Stair glides are not just for people with arthritis or bad knees—there are many other conditions that can make it difficult or dangerous for people to walk up and down stairs safely. Unfortunately, falling down the stairs can result in serious injuries. For the elderly especially, falling and breaking a hip can mean months of hospitalization and rehab, and might even mean the end of independent living. If you are concerned about your loved one falling and their ability to live at home safely, here are some signs that they might be ready for a stair lift.
1. Increasing loss of balance
Conditions such as Bell's palsy and stroke can result in vertigo, which affects a person's equilibrium and makes them dizzy or disoriented when they're on pitched surfaces such as stairways. Going up or down can make them lose their center of balance and set them up for a fall. Climbing stairs with only one hand on the railing can also affect their equilibrium. Pausing more frequently to regain balance or turning to face the railing in order to hold it with both hands can be a sign that they can benefit from the stability of a stair lift; staying safely seated until the dizzy spell passes is a much safer option.
2. Loss of strength or coordination
Conditions such as Parkinson's disease or other neurological disorders can cause tremors and other involuntary movements that make it difficult to grasp railings and to grip them with enough strength to support their weight. As these conditions progress, relying on the railing for support can be more difficult and therefore more dangerous. If your loved one is losing the ability to grasp objects, can no longer grip things firmly or frequently drops things, these are signs that relying on the railing is no longer safe and that they need the stability of a stair glide.
3. Increased exercise intolerance
Breathing problems such as emphysema and COPD are exacerbated when sufferers exert themselves even slightly—even mild exercise like climbing the stairs can increase the heart and respiratory rates, leaving patients gasping for breath halfway up the flight.

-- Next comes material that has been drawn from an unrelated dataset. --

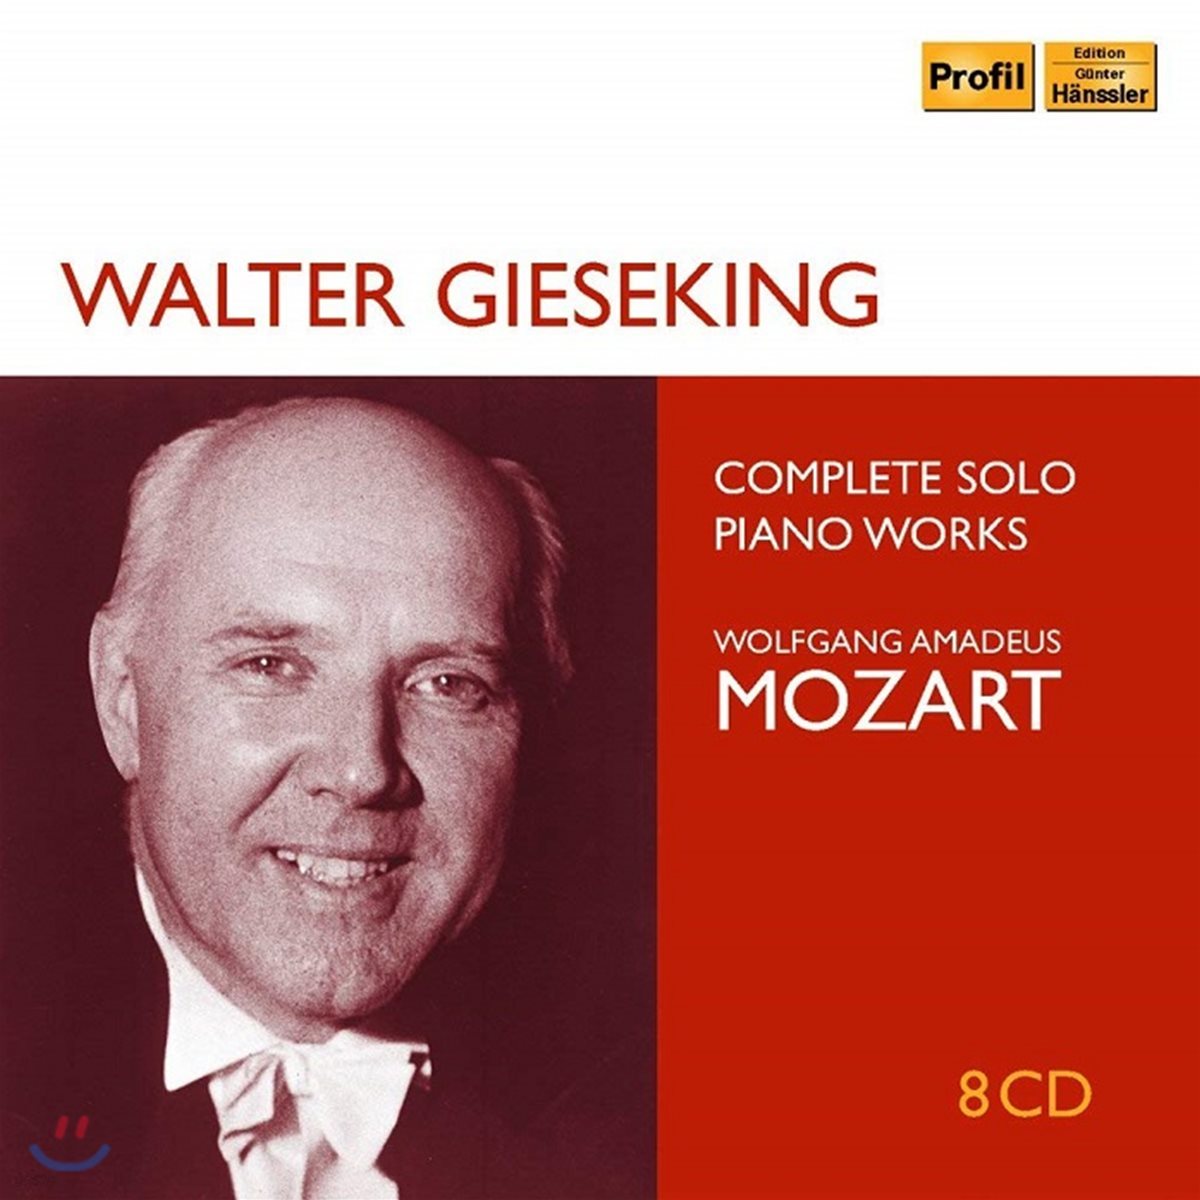 Walter Gieseking 모차르트: 피아노 독주 작품 전곡집 (Mozart: Complete Solo Piano Works) 발터 기제킹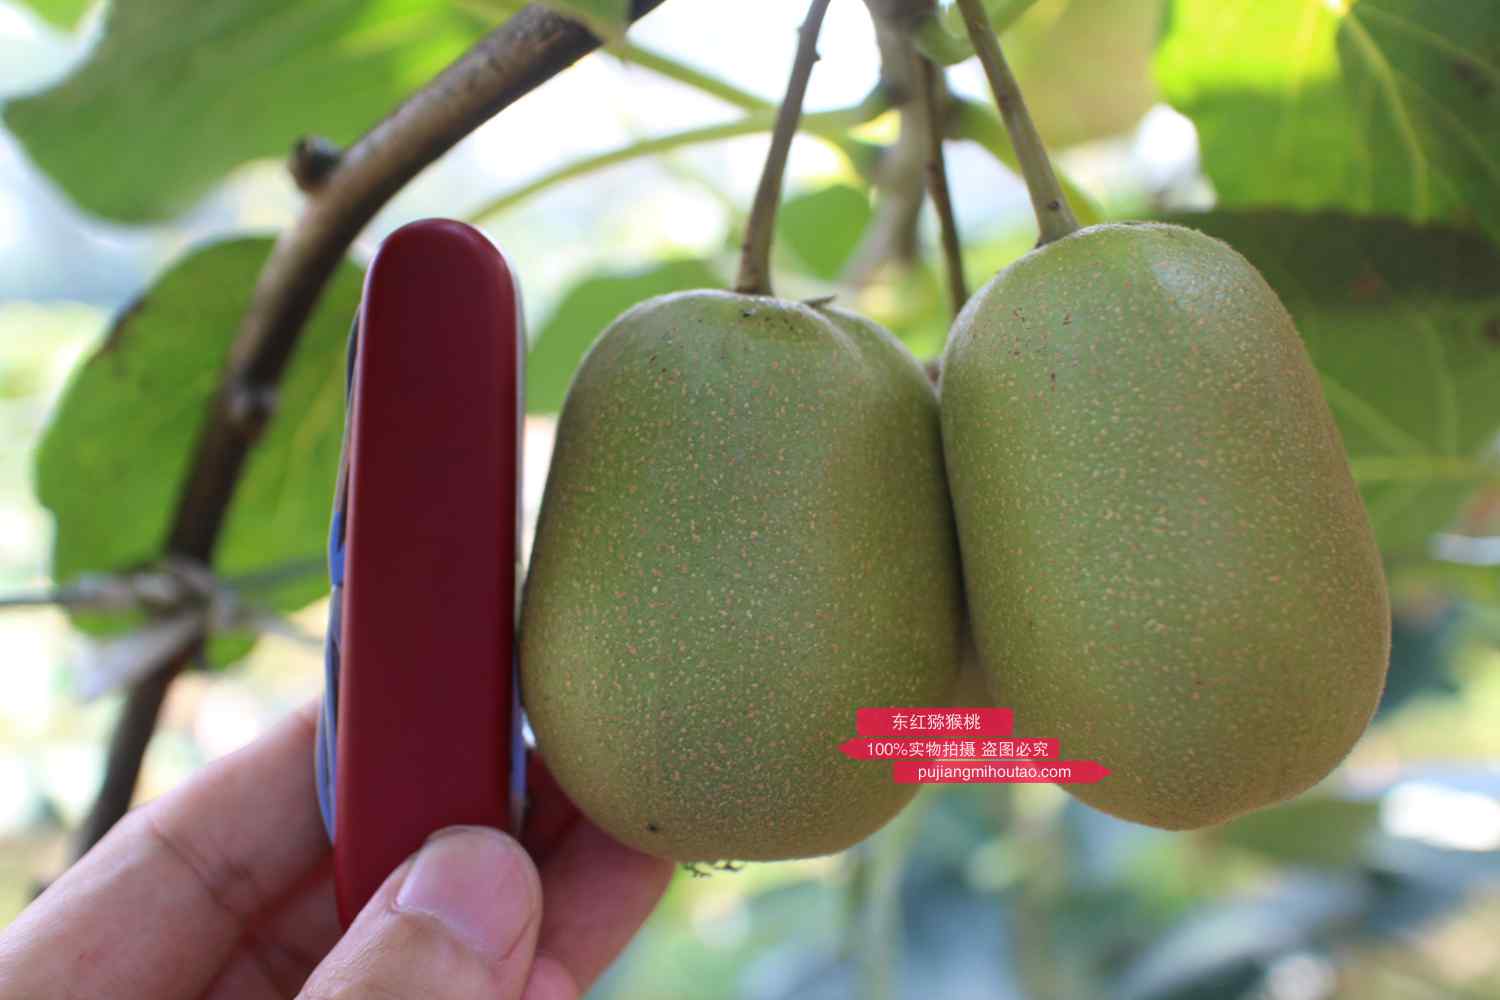 四川誉原鲜猕猴桃品牌创始人四川蒲江东红猕猴桃苗木繁育种植

If it's becoming more difficult for them to breathe when doing mild exercise such as household chores, carrying groceries or walking to the mailbox, it's a sign that they should stay seated while climbing stairs and let the chair do the work for them.
4. Declining eyesight
Stairs can be especially dangerous for people who can't see where they are stepping or who can't see well enough to adequately judge distance. Even if your loved one is not completely blind, they may not be able to see the floor clearly anymore. They also may not be able to see an untied shoelace or other hazards. Frequent tripping and regular stumbling are signs that they can't see well enough to judge distance or depth accurately and that they need mechanical assistance to climb stairs safely.
It can be hard for people with these conditions to admit that they need or are ready for a stair chair lift, especially if they have never fallen. However, stairs in their home can eventually make it impossible for them to live independently. If your loved one has one of these conditions, talk to them about the risks and how a lift chair can make their home safer and help them live independently.